Как социальные сети и онлайн-СМИ, которые реагируют на все очень быстро, изменяют ситуацию с предупреждением насилия над детьми? В социальных сетях, например, появляются фотографии детей. Насколько это на пользу самим детям?

Это палка о двух концах. Если журналисты все делают правильно и этично освещают инциденты, конечно, это помогает обществу быть более чувствительным к случаям насилия и сообщать о них. Если же это делается неэтично, если сообщают, где живет ребенок, где он учится, публикуются его фотографии, то это имеет очень негативные последствия для ребенка.

Социальные сети вообще неконтролируемая сфера. Плюс в том, что они помогают распространить информацию. И люди, которые еще несколько лет назад не допускали, что у нас существует семейное насилие, сегодня изменили свое мнение. Доля тех, кто считает, что такая проблема есть, за два года не изменилась — их примерно 40%. А вот доля тех, кто полагает, что такой проблемы нет, стала меньше.

Почему это важно?

Когда осознаешь, что есть проблема, начинаешь искать способы ее решения. Если один человек поймет, что шлепок — это насилие, и это вредит ребенку, а другой — что это еще и незаконно, модель поведения будет меняться. Во многих семьях это исключит шлепки из методов воспитания. Родители будут искать другие способы объяснить ребенку, что он делает что-то не так. Пока человек считает, что шлепки и физическое наказание — это норма, он просто не задумается, что это насилие. Поэтому очень важно, чтобы и СМИ, и соцсети об этом говорили.

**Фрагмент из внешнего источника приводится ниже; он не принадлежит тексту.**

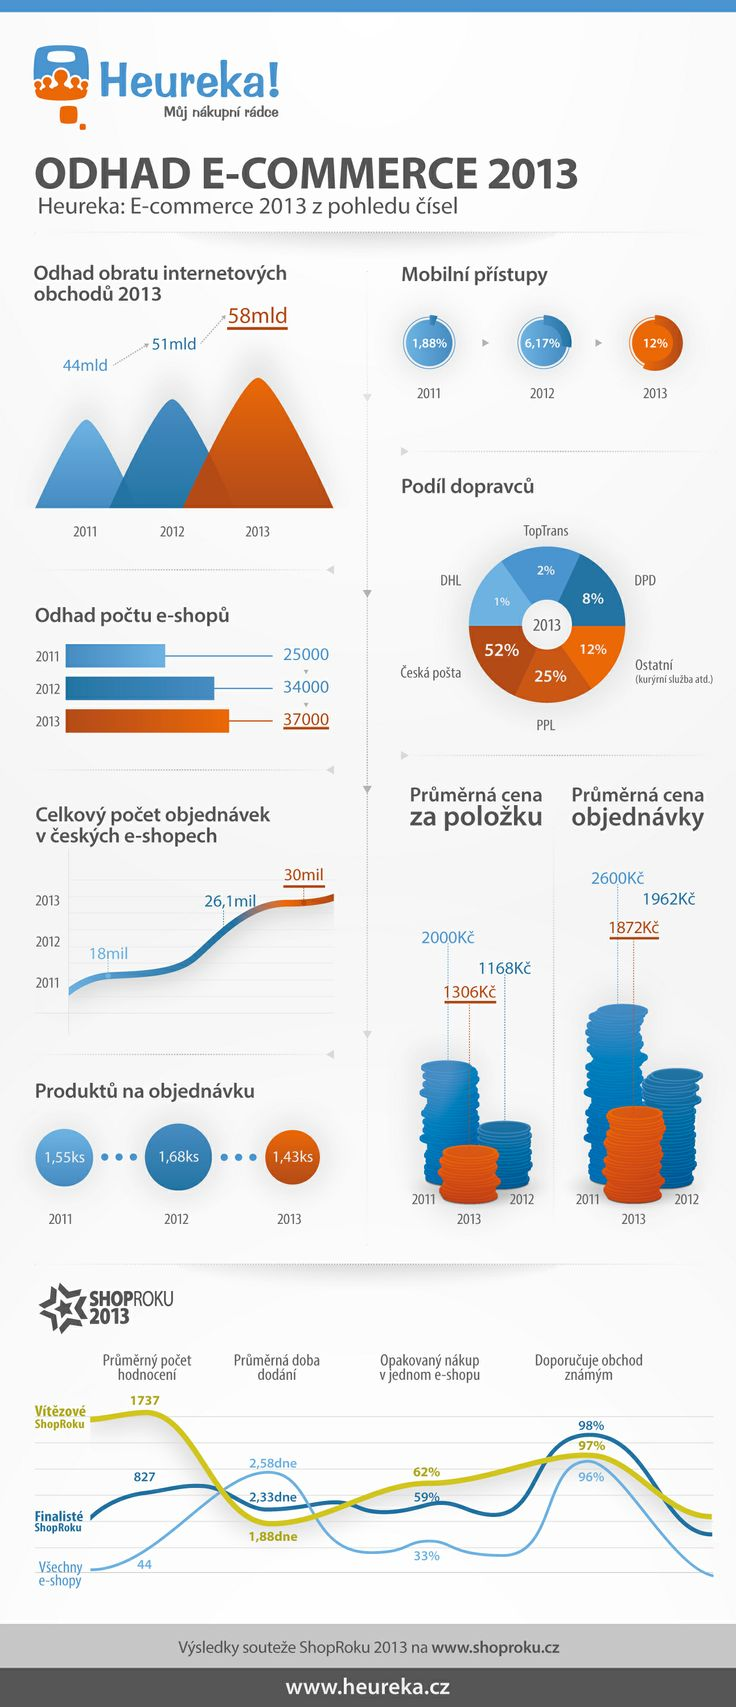 Odhad e-commerce 2013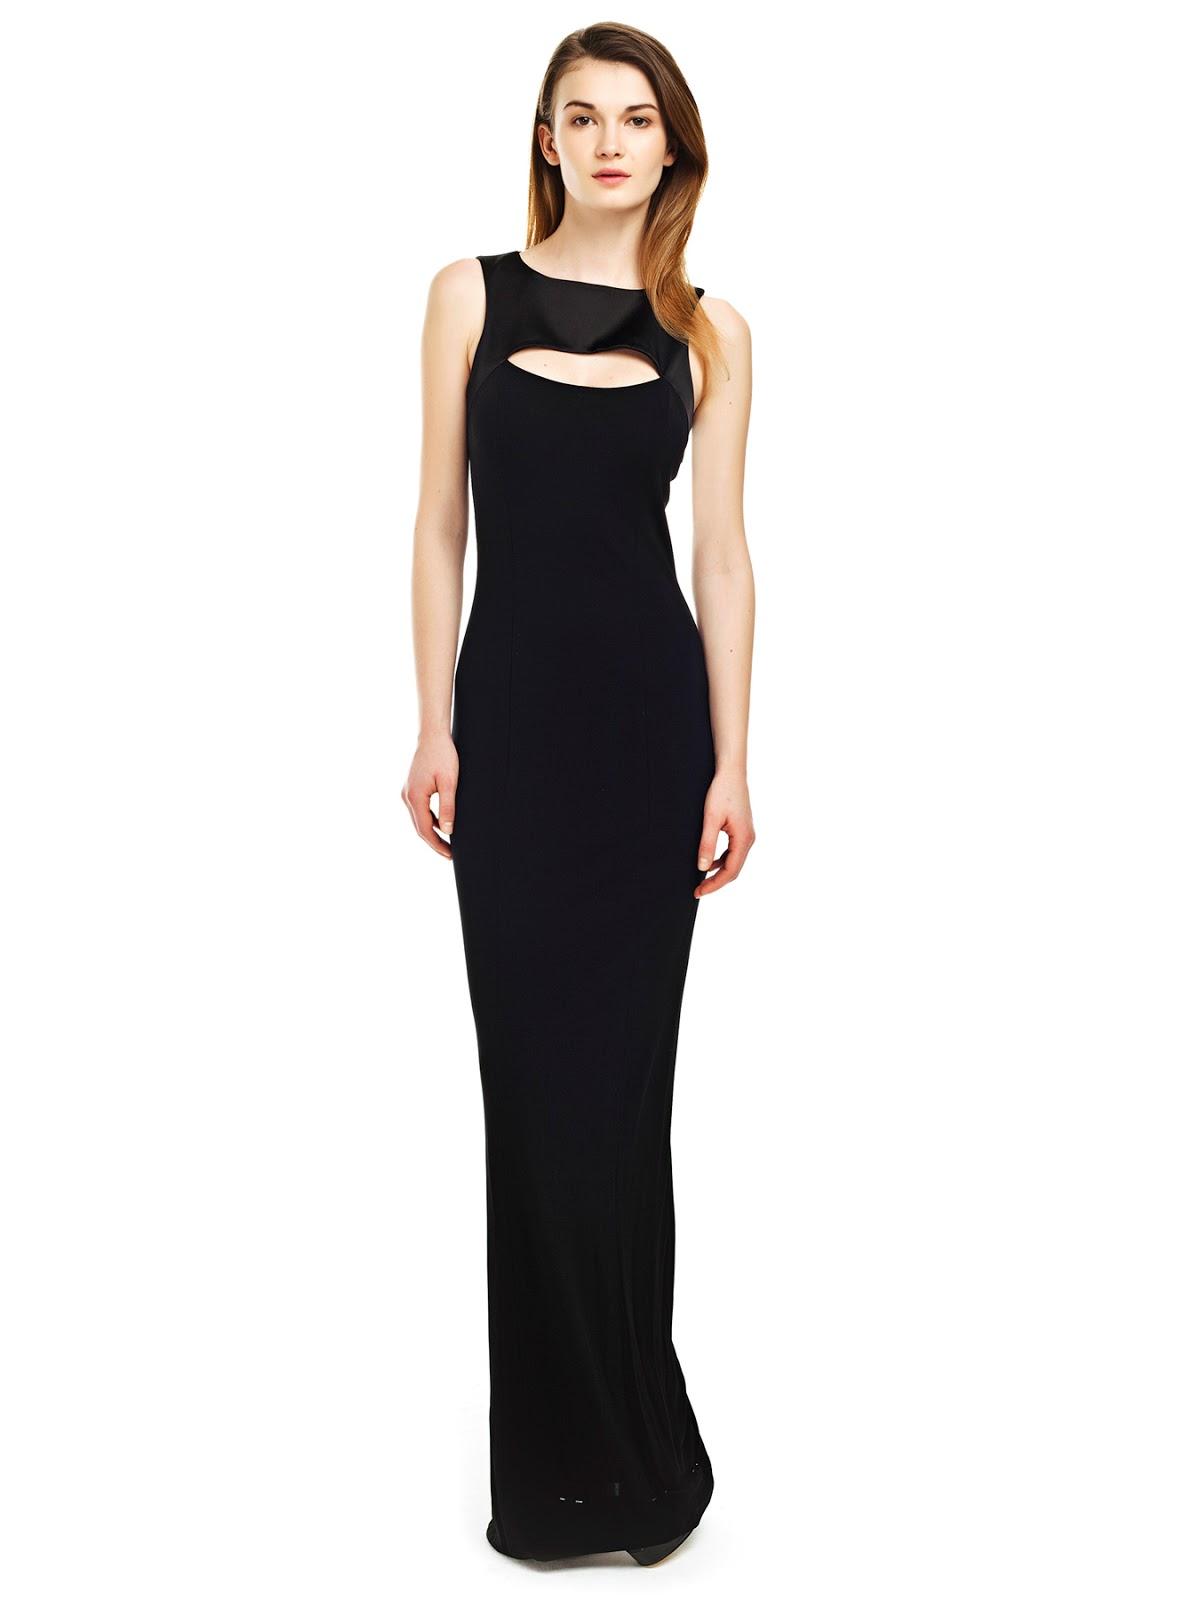 A Kesim Siyah Abiye Elbise Modelleri

Но говорить об этом нужно вдумчиво и ответственно — не шокируя деталями, а подсказывая, куда можно обратиться за помощью, улучшая таким образом информированность общества.

Кстати, о шлепках. Считается, что в развитых странах другая крайность — родители шлепнули ребенка и на них уже подали заявление в какие-то органы. Насколько четко у нас в законодательстве и общественном сознании проведена граница между адекватным наказанием и насилием? И есть ли эта граница?

В нашем законодательстве шлепки запрещены, как и физическое и даже эмоциональное насилие. Наказание за физическое насилие предусмотрено в Кодексе о правонарушениях и в Уголовном кодексе. Такие случаи расследуют на основании последствий физического, психологического или сексуального насилия. Но очень сложно наказать родителя, который просто шлепнул ребенка. И речь не идет о том, чтобы и это предусмотреть в законе. Надо воспитывать общество. Родители не должны физически наказывать своих детей не из-за страха перед наказанием, а в силу понимания, насколько негативными могут быть последствия этого шлепка. И воспитанию этого понимания должны помогать профилактические меры просветительского характера, в том числе, тренинги, семинары и различные программы для родителей в детсадах, школах и медучреждениях.

К сожалению, пока этого нет. В том же детсаду воспитатель, скорее всего, пожалуется родителям на плохое поведение ребенка, вместо того, чтобы поговорить с ними о возможных причинах такого поведения. И часто крайним в таких ситуациях оказывается ребенок, который «плохо себя вел».

«По статистике, насилие над детьми становится более распространенным»

Вы упомянули детские сады. В Израиле недавно произошла страшная история: воспитательница частного детского сада убила ребенка из Молдовы. После этого там собираются изменить законодательство. Бывало ли в Молдове было что-то подобное, когда из конкретных случаев вырастали изменения законов?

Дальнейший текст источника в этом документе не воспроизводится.